Six-time series champion Dixon will start Sunday’s race from the 12th position. The good news is, that’s two positions higher than the driver of the No. 9 PNC Bank Chip Ganassi Racing Honda started last year when he won the race. In 2021, Dixon started second and finished second.
Kanaan made a record 318 consecutive series starts, which Dixon will match when he takes the green flag. The next-closest driver in the category is Marco Andretti, whose streak of starts ended at 248 races.
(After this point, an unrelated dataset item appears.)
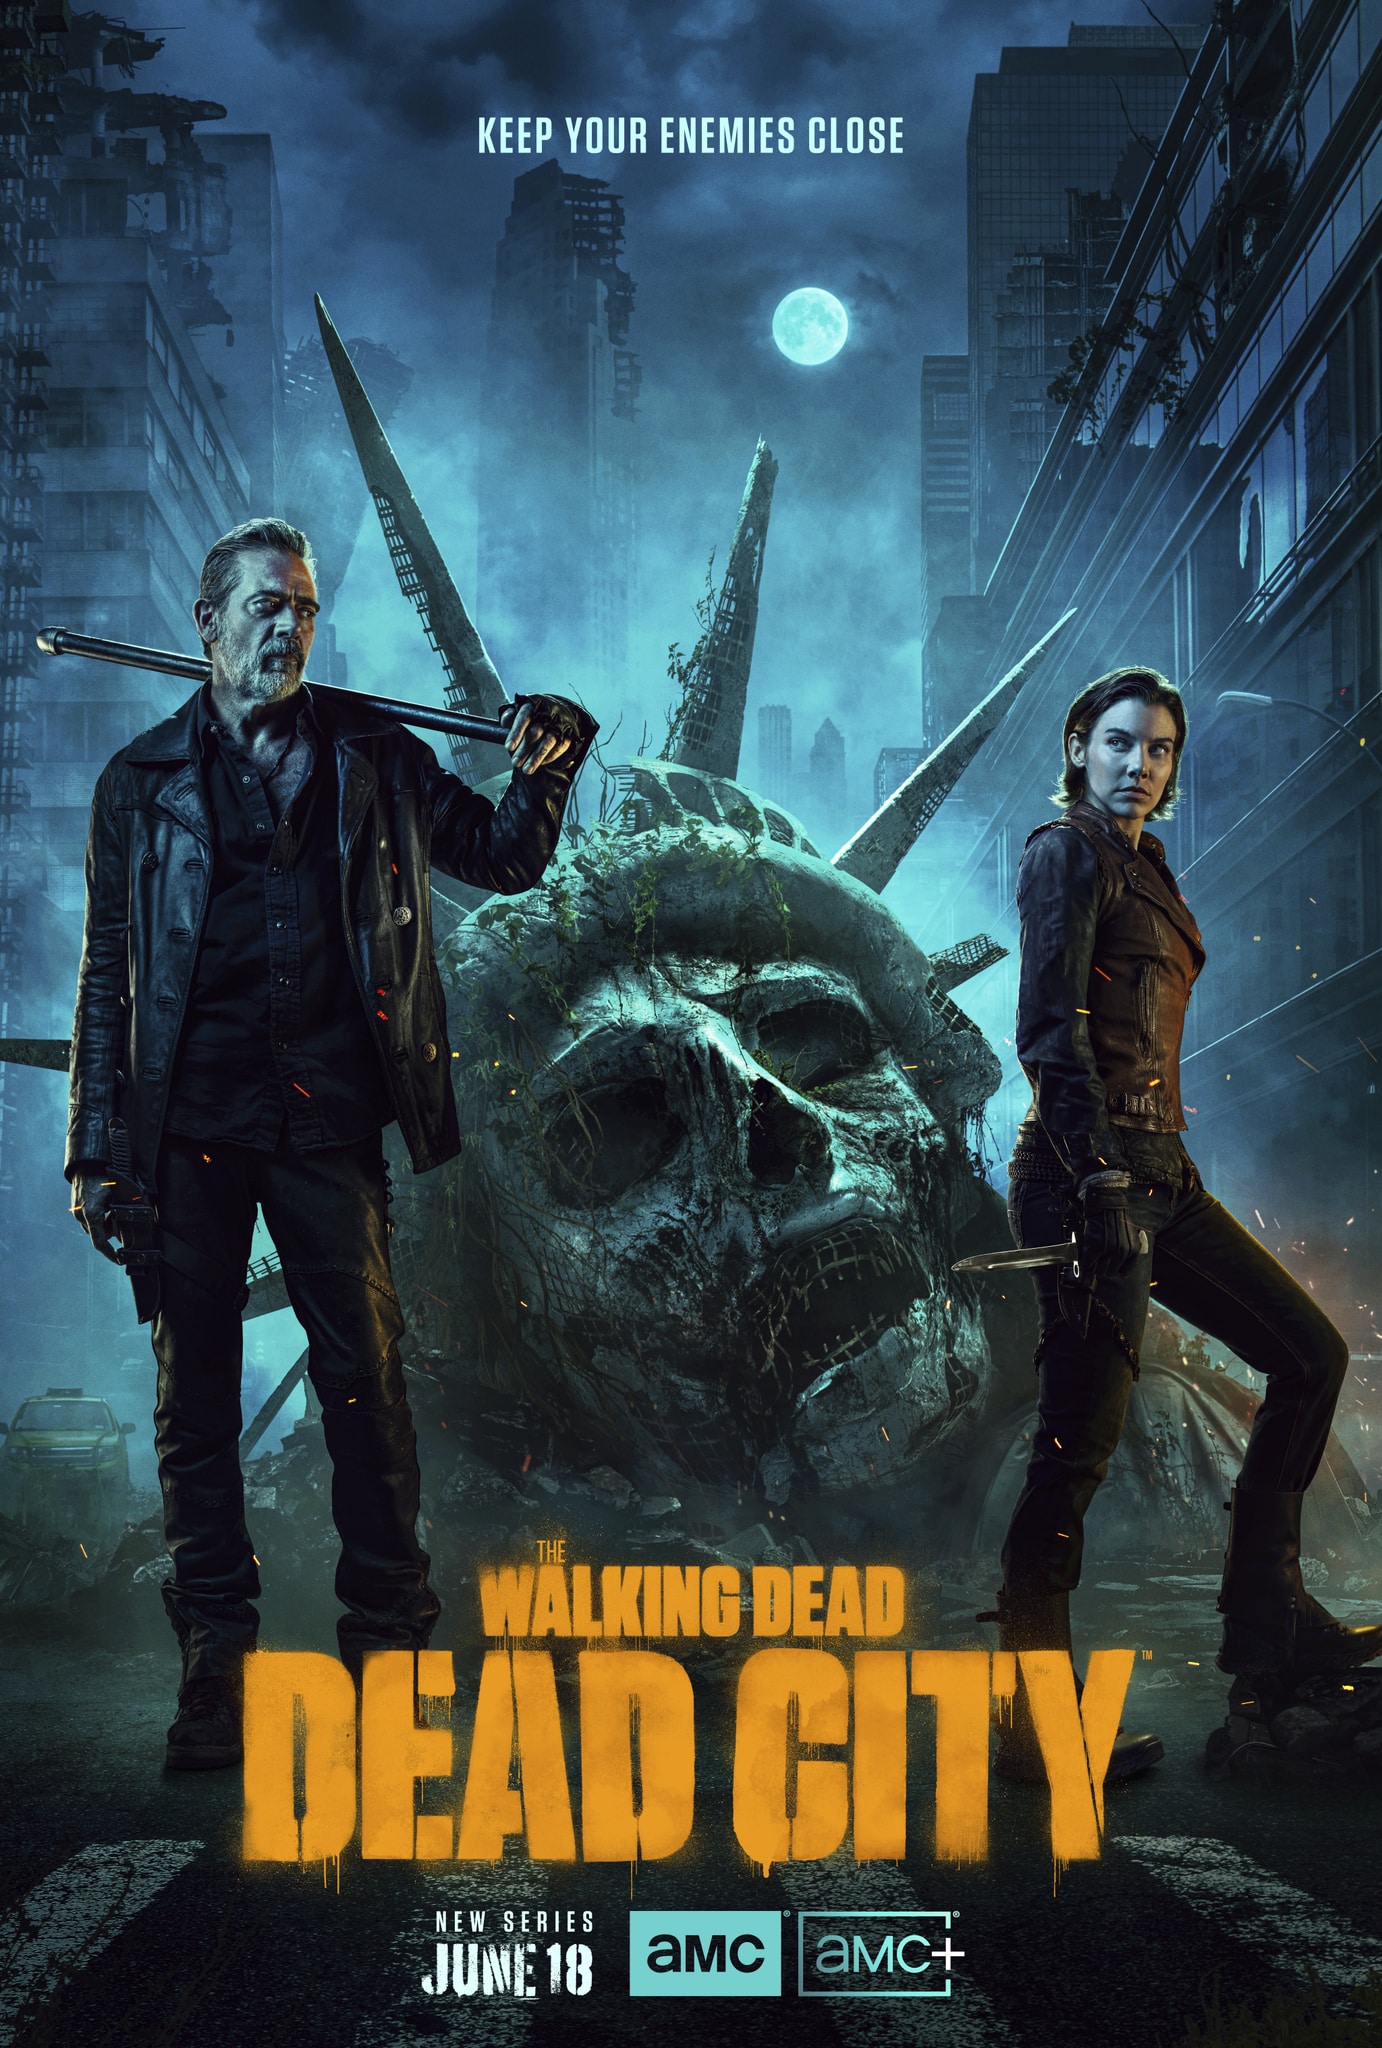 The Walking Dead Dead City - Teaser Poster

Dixon is moving up the list of career starts overall, as well. This start gives him 381, which ranks fourth behind Mario Andretti (407), Kanaan (390) and Helio Castroneves, who earns his 387th start this weekend. Castroneves can pass his longtime Brazilian friend and rival at the season-ending Firestone Grand Prix of Monterey at WeatherTech Raceway Laguna Seca on Sunday, Sept. 10.
Odds and Ends
- While Josef Newgarden (No. 2 PPG Team Penske Chevrolet) has dominated the oval races, winning the past five in the series, no driver has been able to take hold of the street races. The four such races this season have been won by four different drivers: Marcus Ericsson won the Firestone Grand Prix of St. Petersburg, Kirkwood the Acura Grand Prix of Long Beach, Alex Palou the Chevrolet Detroit Grand Prix presented by Lear, and Lundgaard the Honda Indy Toronto.
- Newgarden hasn’t enjoyed the results in his hometown of Nashville that would befit a two-time series champion. His best finish in the two races was a sixth last year.
- While Newgarden is a Nashville-area native, Herta now lives there, too. The driver of the No. 26 Gainbridge Honda of Andretti Autosport with Curb-Agajanian said he has heard that members of the paddock are telling people he will host a party after the race. Not so, he said. “Do not come to my house on Sunday night,” he said.
- Herta will start Sunday’s race from the third position, but he wasn’t happy with the decision by Andretti Autosport teammates to send Grosjean out ahead of him in the Firestone Fast Six qualifying round. “There’s six cars on track and they go out a second in front of me, and they back up into me (on the track),” Herta said. “It affects the car dramatically.” Herta said he was told it was a miscommunication and unintentional.
- Lundgaard, who won the series’ most recent street race in Toronto, said Saturday’s mixed weather conditions – first wet, then dry – prevented his team from trying several of its desired setup options. He will start 13th in the No. 45 Hy-Vee Honda of Rahal Letterman Lanigan Racing.
- INDYCAR has mandated the use of aeroscreen cooling ducts amid steamy conditions expected for Sunday’s race.
- Christian Rasmussen will start on the pole for Sunday’s INDY NXT by Firestone Music City Grand Prix (10:10 a.m., Peacock, INDYCAR Radio Network) after qualifying was rained out for the second consecutive year and the starting lineup determined by entrant points. Joining Rasmussen on the front row will be HMD Motorsports with DCR teammate Nolan Siegel. Rasmussen leads Siegel by 22 points.
- Rasmussen will start in the top spot for the third time this season. He won the pole for the series races at Barber Motorsports Park and the Mid-Ohio Sports Car Course.